Fundamental period and damping ratio are two of the most important parameters involved in dynamic analyses of buildings. These parameters are usually assigned constant values typically through the use of simplified models or by using engineering judgment. The variability associated with these values is frequently ignored. Measurements of these parameters in the completed structure may or may not match those assumed at the design stage and the effects and implications of such differences are usually not fully explored or understood.; To develop models that reliably estimate the values of period and damping expected in actual structures, a comprehensive database of full-scale measurements was compiled and rigorously analyzed. An analysis of variance (ANOVA) identifies the number of stories for the period data and the number of stories and level of vibration for the damping data as key factors that potentially affect each parameter. Estimation models are developed for different combinations of factors and model performance, which is measured through the standard error, is observed to improve with additional factors. Models are greatly simplified through constrained variations in model coefficients and are considered to appreciably improve the state-of-the-art in period and damping estimation.; The large quantity of data allows for a proper and careful analysis of the variability in each estimation model.

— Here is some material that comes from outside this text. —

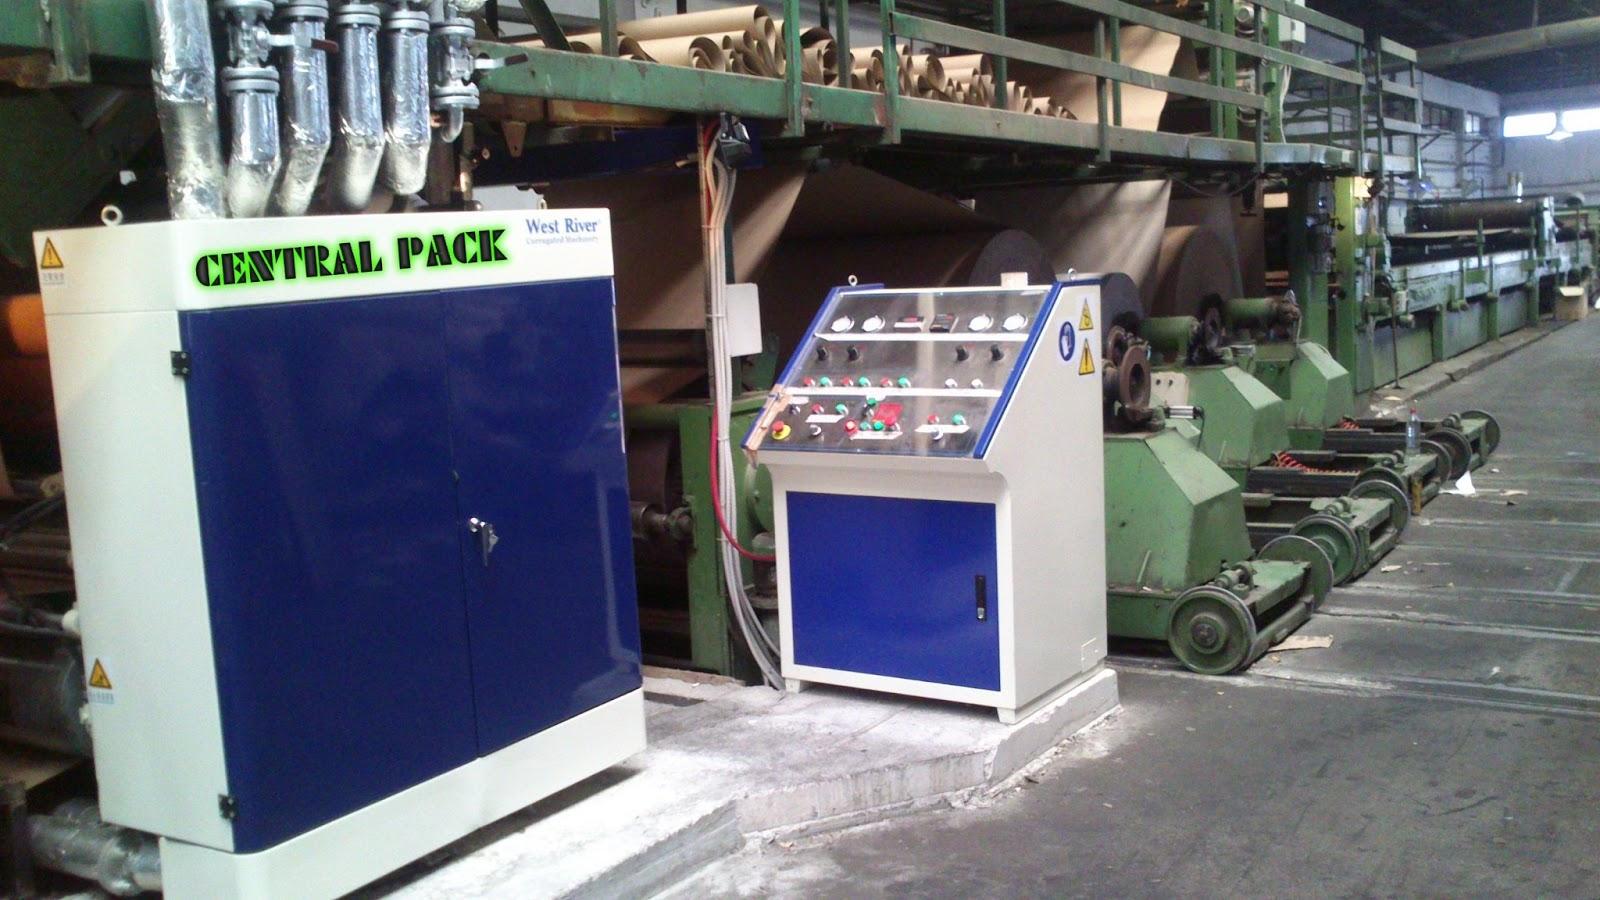 Σκοπός της CENTRAL PACK είναι η συνεχής ανάπτυξη, η βελτίωση των προϊόντων καθώς και ο εκσυγχρονισμός του μηχανολογικού εξοπλισμού της.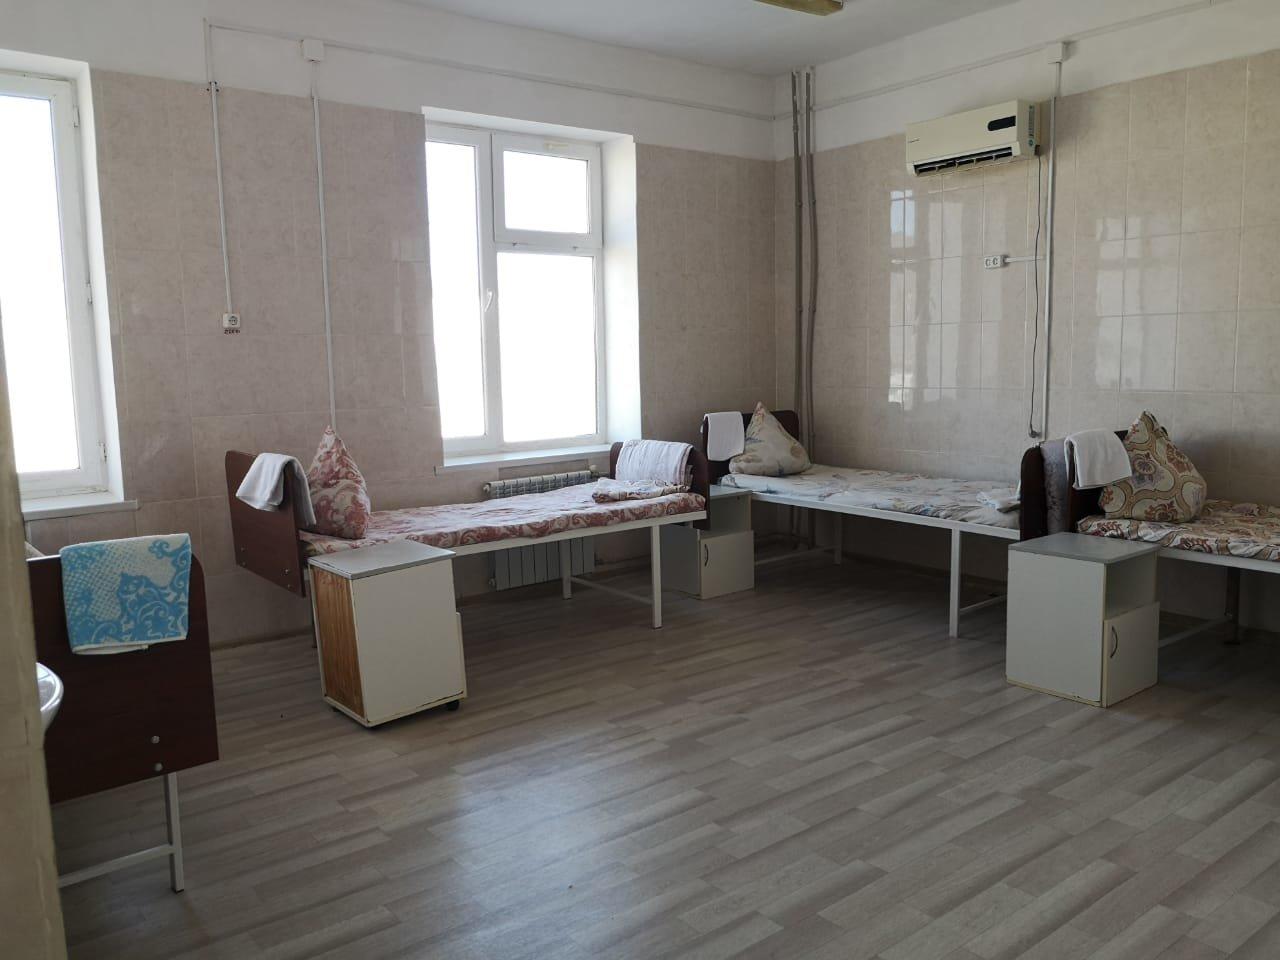 Пассажиров из Турции возмутили условия в провизорном госпитале Актау, фото-1

Model variability is quantified through two functions: a scalar value that represents the variability among measurements made on the same building and in the same lateral direction, and a function that represents the variability observed from building to building. A rigorous form representing the model variability is provided along with a much simpler form developed for possible inclusion into standards.; The effect of parameter variability on seismic response estimates was investigated. A proposed, performance-driven design procedure identifies period and damping values that achieve a specified level of performance. For a general seismic design spectrum, the engineer can apply a level of conservatism to the performance level or to period and damping selection from regions of practical values, which are defined through the parameter distributions. The effects of variability reduction are observed and possible direction for future development is discussed.